Ooh, that's a wonderful observation. I've known a number of people that I would call 'Jobsian', based on my limited knowledge of him, of course. And in all cases they were really good at making me feel just that way.
i actually like it, it's basically the same that everyone else did that made a successful product. iterate.
there's nothing magical about it. if that's what you look for, you will be disappointed. he wasn't some kind of genius. he just tried out what worked and iterated.
it's the same reason why macbooks looked so smooth, while stupid acer was still putting fan ins on the bottom of the laptop until intel gave them ultrabook designs. really? who would do that. clearly none at acer has ever used an acer laptop for actual portable usage.
typed from my acer ultraportable with fan in at the bottom
The news is that there wasn't some "reality distortion field" cliche or temper tantrum. It's an account of Steve Jobs that you rarely read: sitting down with a team and iteratively designing products.
Indeed. No reality distortion fields or elevator firings or questions about virginity. Then again, I suppose all those really crazy things happened during his fist stint at Apple when he was young and restless.
Change the title OR the text.
This was an interesting article about the cool things he did.
Steve Jobs was involved in this work but this is NOT what this article is about.
So Jobs loved to micromanage. And it worked at Apple and at NeXT and at Apple, because Jobs knew a thing or two about software. But micromanaging your own cancer care doesn't work so well, does it now?

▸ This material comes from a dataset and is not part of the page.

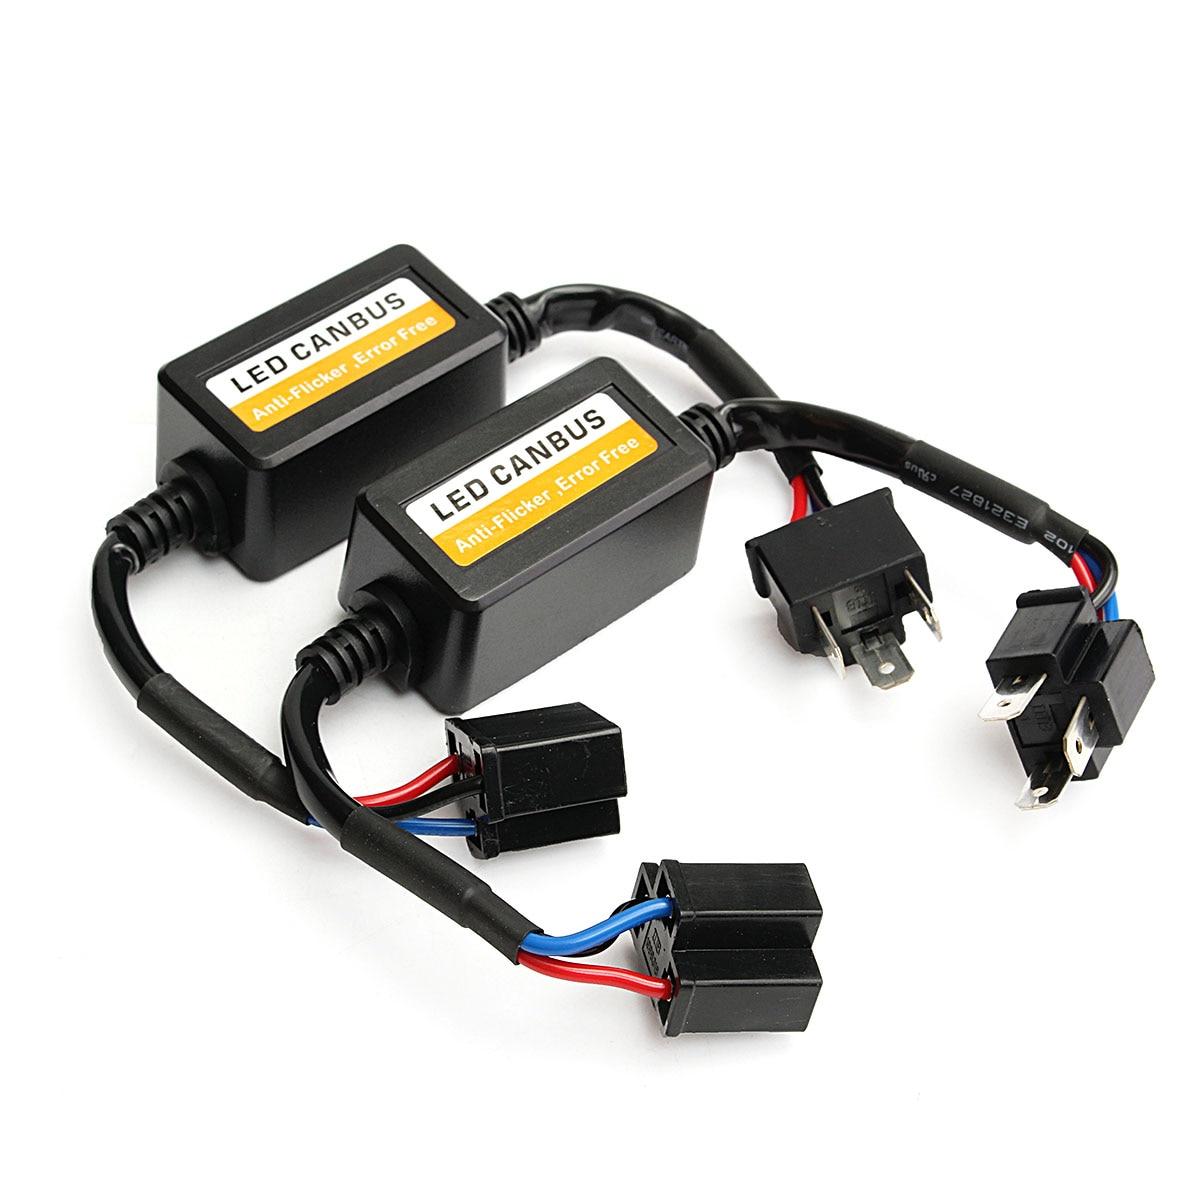 2Pcs H4 Car LED Headlight Decoder Canbus Fog Bulb Light No Error Load Resistor No Flickering Warning Canceller Adapter 2x car 1157 bay15d 1034 warning canceller error free load resistor led decoder

Judging from the Isaacson biography, Jobs would have been fine had he actually attended to the fact that he had cancer right away, rather than spending a year ignoring it.
It did make it into the book--Jobs mostly spent that year eating differently, but it wasn't a major focus of his life and aside from the change in diet he did more or less ignore it. If he obsessed over it as much as he actually obsessed over things at times, perhaps things would have gone differently. But it's clear that he did not.
It appears the book glossed over what actually happened. Jobs worked with a number of alternative medicine con artists, to no result, obviously. Obsessing doesn't work when the methodology is wrong, and alternative medicine is the wrong methodology for treating serious medical problems.
Maybe I'm just glossing over it. The sense I got from the book was that he did a lot of stuff with diet and alternative medicine, but he also refused to focus on the problem until it was too late. One would hope that if he were that focused on it, he would have changed his mind about treatment in time to actually do something about it, rather than letting it sneak up on him for a year.
http://tirania.org/blog/archive/2012/Nov-07.html
Basically, Miguel argues that Walter Isaacson failed, as did many who tried to describe Steve Jobs recently:
>Whenever the story gets close to an interesting historical event, or starts exploring a big unknown of Steve's work, we are condescendingly told that "Steve Activated the Reality Distortion Field".
>Every. Single. Time.
>Not once did the biographer try to uncover what made people listen to Steve. Not once did he try to understand the world in which Steve operated. The breakthroughs of his work are described with the same passion as a Reuters news feed: an enumeration of his achievements glued with anecdotes to glue the thing together.
It's great to see a real account of working with him, minus the “magic” BS.